Forty is for feminism, (I just made that up—should that be on a t-shirt or what?) and because I was just speaking about bodies, I’ll start there. Can we stop talking about women’s bodies already? Seriously. Why? Why? Why? I no longer care what anyone’s body looks like and vow, though it might be difficult because of the way it is ingrained in everyone, to stop talking about bodies full stop. Mine, yours, hers, his. What your body looks like is not my business. If you can accomplish amazing athletic feats with your body, congratulations, that’s awesome. If your body holds a brain that can write a NYT bestseller, great, I’m super proud of you and, ok fine, also kinda jealous.
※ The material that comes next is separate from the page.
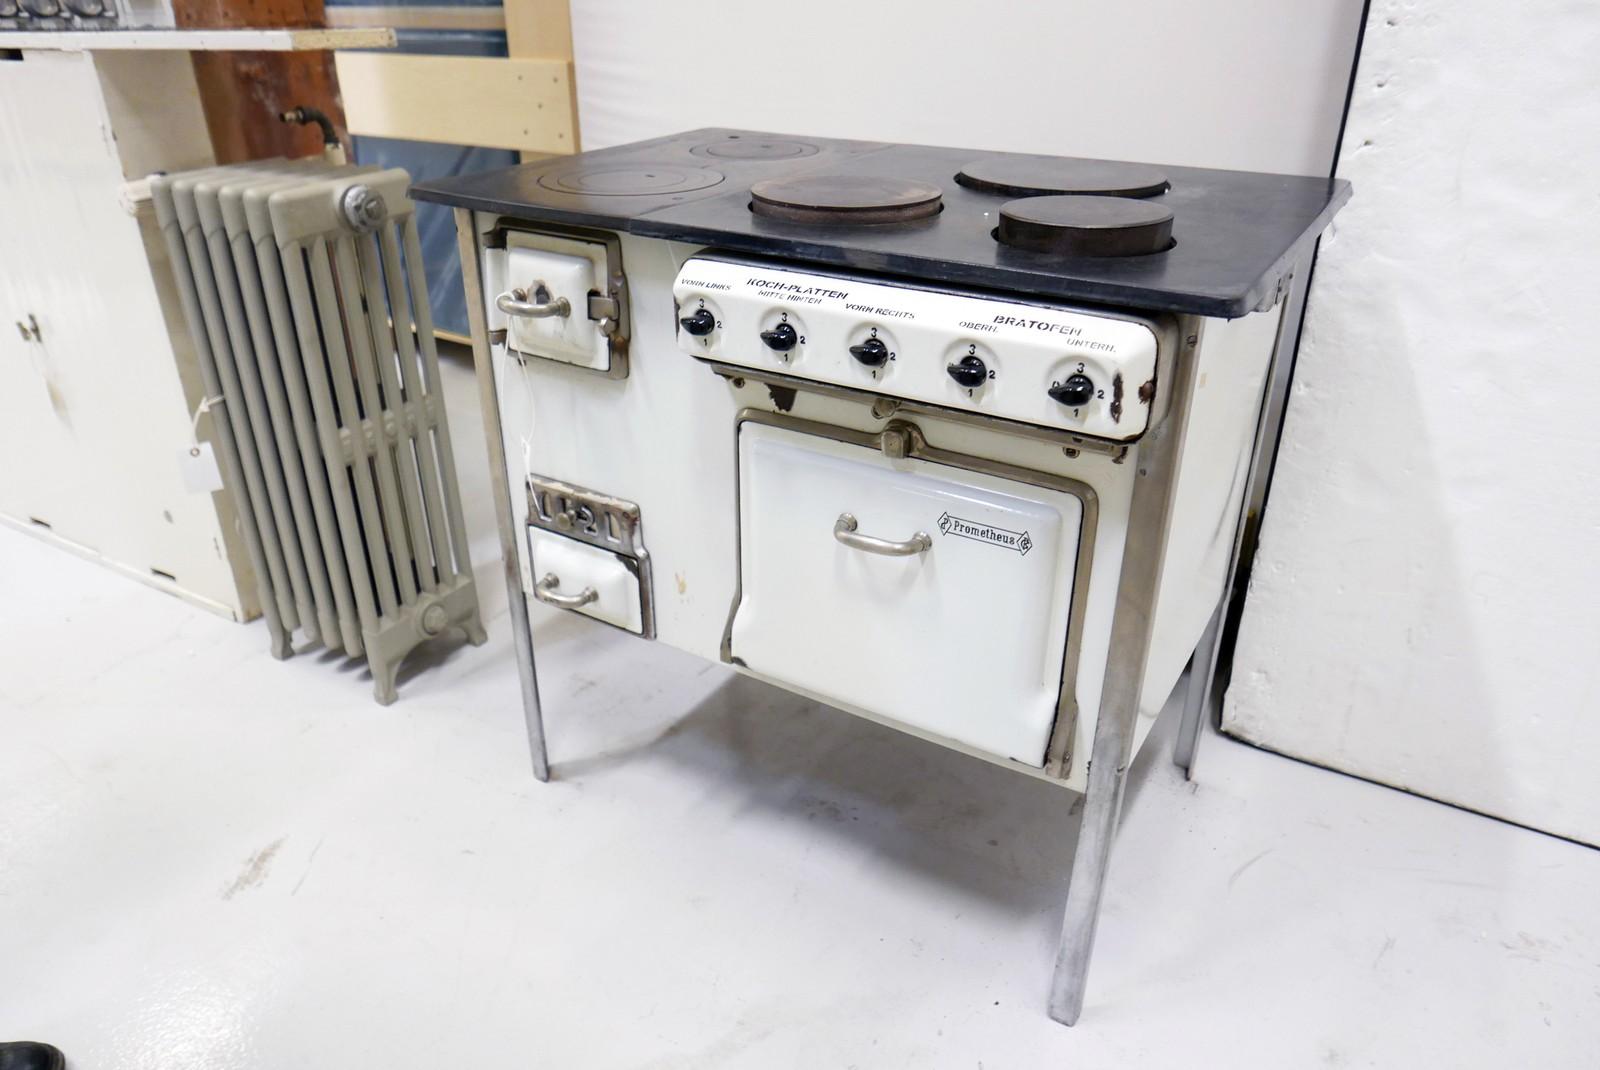 Komfyren hadde både elektriske kokeplater og stekeovn, men kunne også gå på kull.

If your body is tired and old or young and new or fat or thin or pale or dark or a bikini body or one of those inflatable Sumo wrestler costume bodies or whatever, I don’t care. I want to hear what you have to say and what you feel and your take on the state of politics right now. Unless you’re voting for Trump, then I don’t want to hear shit from you. But even then, I still don’t care what your body looks like.

In other feminism news, I’m going to use my fortieth year and beyond to fight back. I have let a sexual assault invade my feelings and thoughts and self esteem for fifteen years, the same way about a kerbillion other women out there have probably done. I’m stopping that, and then I’m helping other women stop that, and then I’m fighting for it all to just fucking stop. I’m going to find a way to help keep bad men from touching women without permission, even if I can only help a little. I’m a big girl now, and I can do something about this. In my mind, that culture, that fear, and that power struggle are the main reasons we make less, why some think less of us, and why we often end up feeling like we are less. We are not less, we are equal. Equal to everyone. And females are strong as hell.

There’s more I want to accomplish as I embark on this this milestone birthday; maybe I’ll post another rant about it soon, but I don’t have time right now. I’m raising a boy-feminist with my feminist husband, kicking ass with my own business, and starting my birthday celebration early by leaving for Vegas this weekend—where I will lay by the pool enjoying cocktails and cheeseburgers with my best friend, who happens to love my witty, albeit endless, banter. So I’d better stop this babbling go pack my swimsuit.